Significant conclusions can be derived from these figures, about the performance of the proposed methodology when it is applied in a block-mode. The computation of 2-D DCT of an image decomposed to sub-blocks of *nxn* size, is accelerated by using the ISR for sub-block size greater than 8x8 considering a gray-scale format, while in binary images this acceleration occurs earlier.

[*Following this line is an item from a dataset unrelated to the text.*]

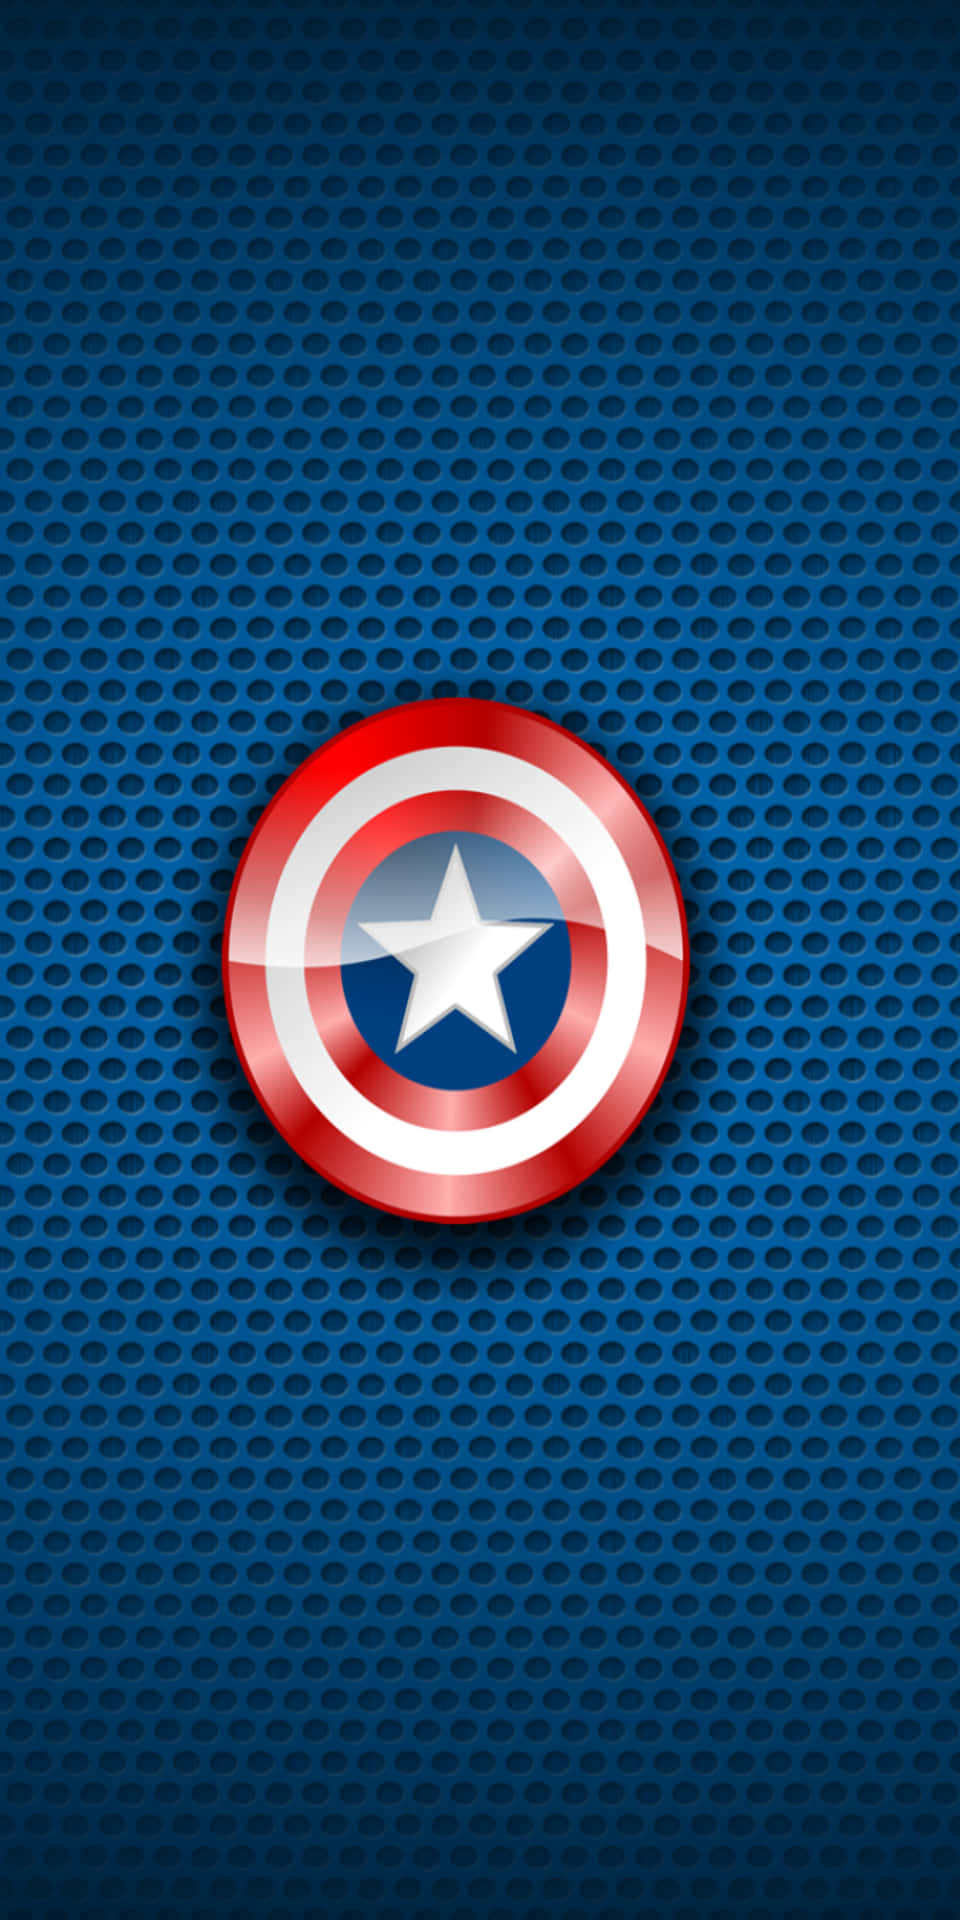 Sfondodel Pixel 3 Con Lo Scudo Di Captain America Di Marvel.

Therefore, the use of the proposed methodology in the case of binary images improves the overall computation rate but when applied on gray-scale images the advantages of the method are restricted for sub-blocks greater than the 8x8 size, which is the official size used in the standard JPEG. This fact generates some questions about the efficiency of the introduced algorithm, since the usefulness of sub-block size greater than 8x8 in JPEG compression has to be studied.

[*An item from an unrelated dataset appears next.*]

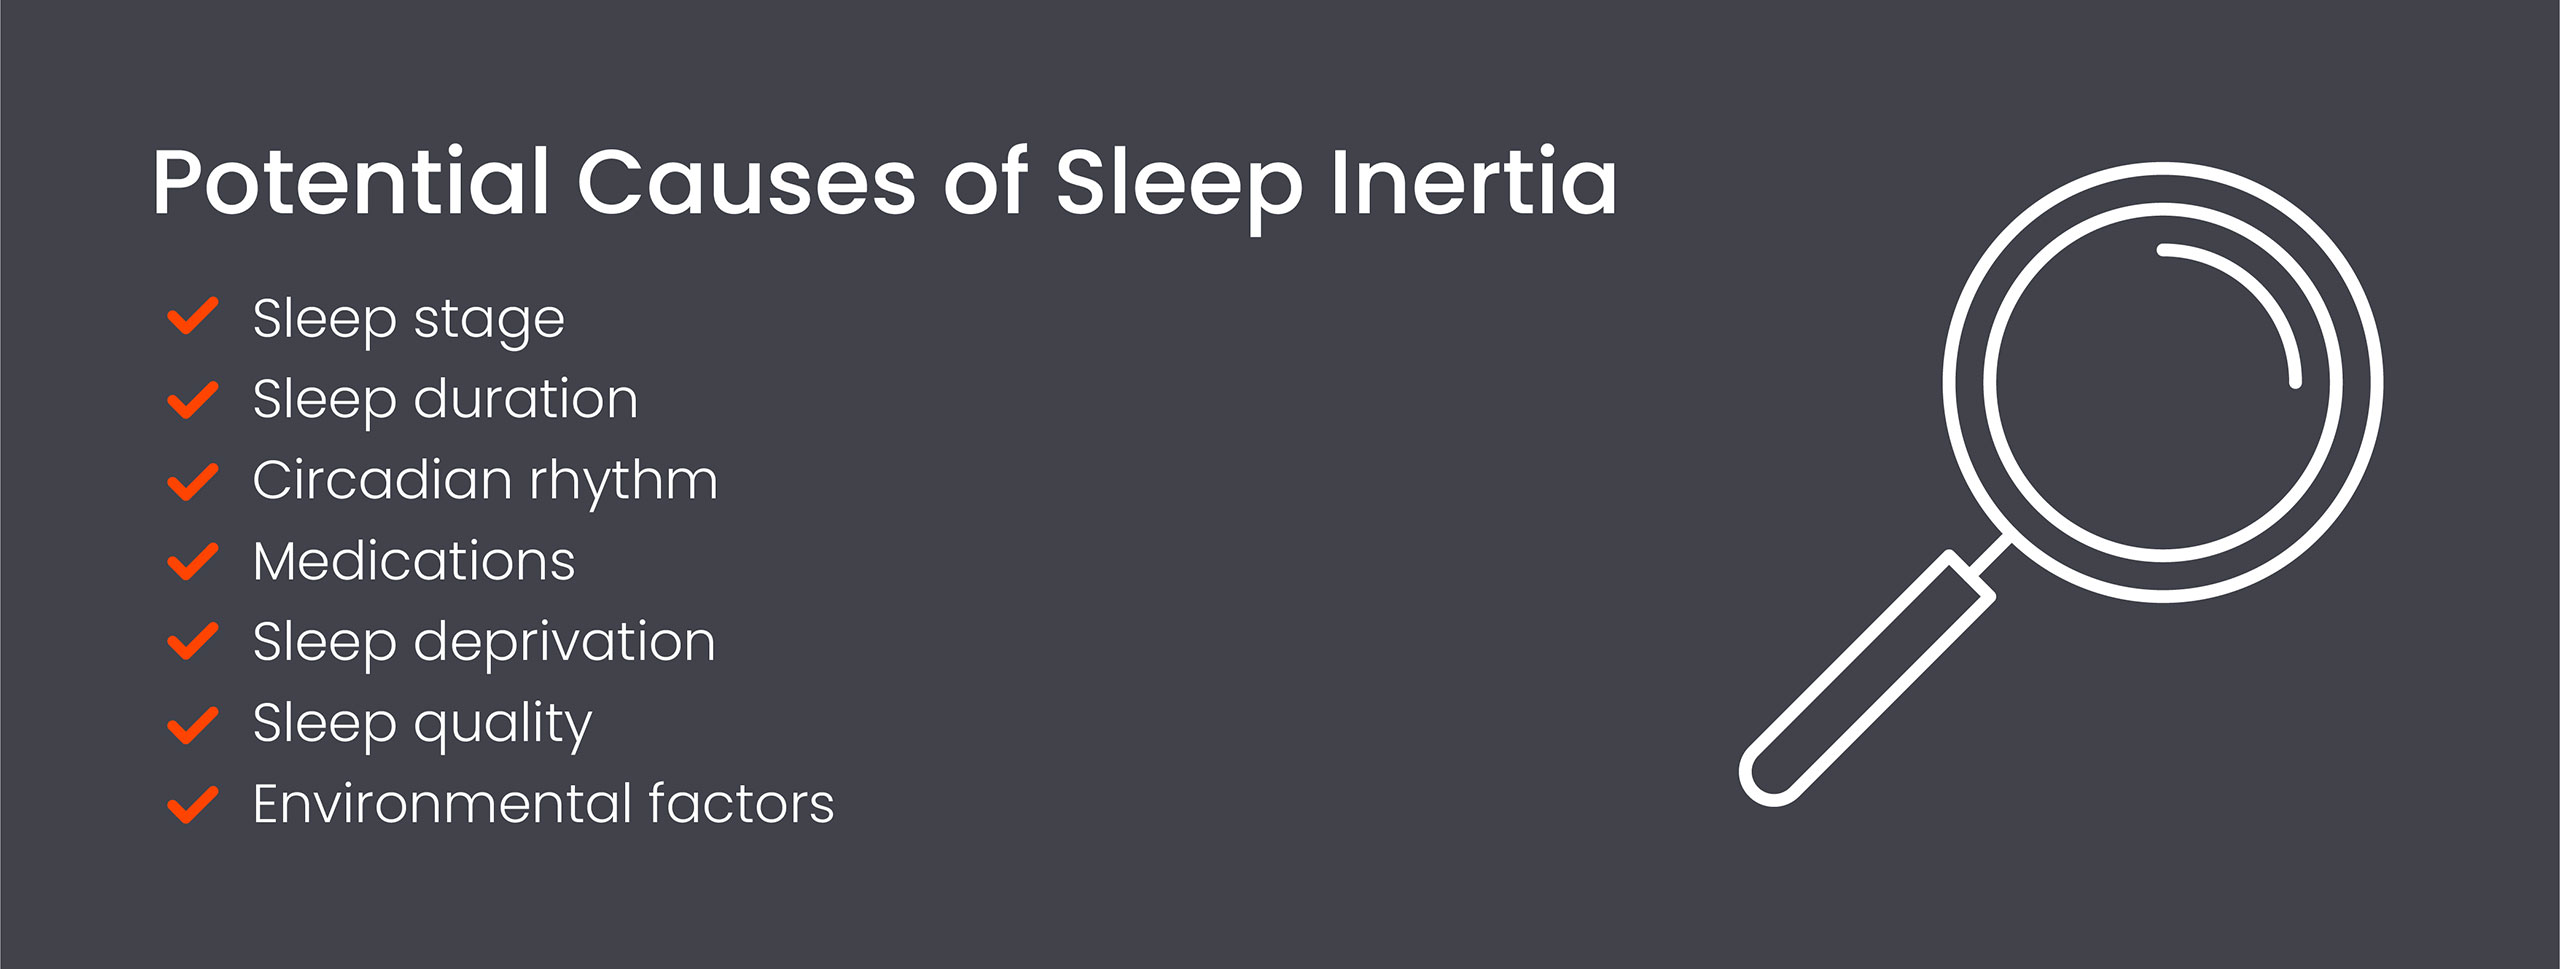 Potential causes of sleep inertia

For this reason, it is decided to investigate the compression performance of the JPEG under variable sub-block sizes. The compression ratio for a fixed image quality (MSE – Mean Squared Error) and for 2x2, 4x4, 8x8 and 16x16 sub-block size is computed and the results are displayed in the following Fig.6. These results testify that the 8x8 sub-block size is the optimum choice regarding the compression ratio and the image quality, an observation which deals with the JPEG standard.

## 5. Conclusion

A novel methodology that ensures the computation of 2-D DCT coefficients in gray-scale images as well as in binary ones, with high computation rates, was presented in the previous sections. Through a new image representation scheme, called ISR (Image Slice Representation) the 2-D DCT coefficients can be computed in significantly reduced time, with the same accuracy.

Appropriate experiments prove that the new algorithm totally outperforms the conventional method, in the case the algorithm applied on the entire image area for any image type, while in its blocked version the advantages were obvious for sub-block sizes greater than 8x8.

The experimental results are very promising and in conjunction to the capability of the methodology to collaborate with any of the existent fast algorithms, it can be a good choice for real-time and time demanding applications.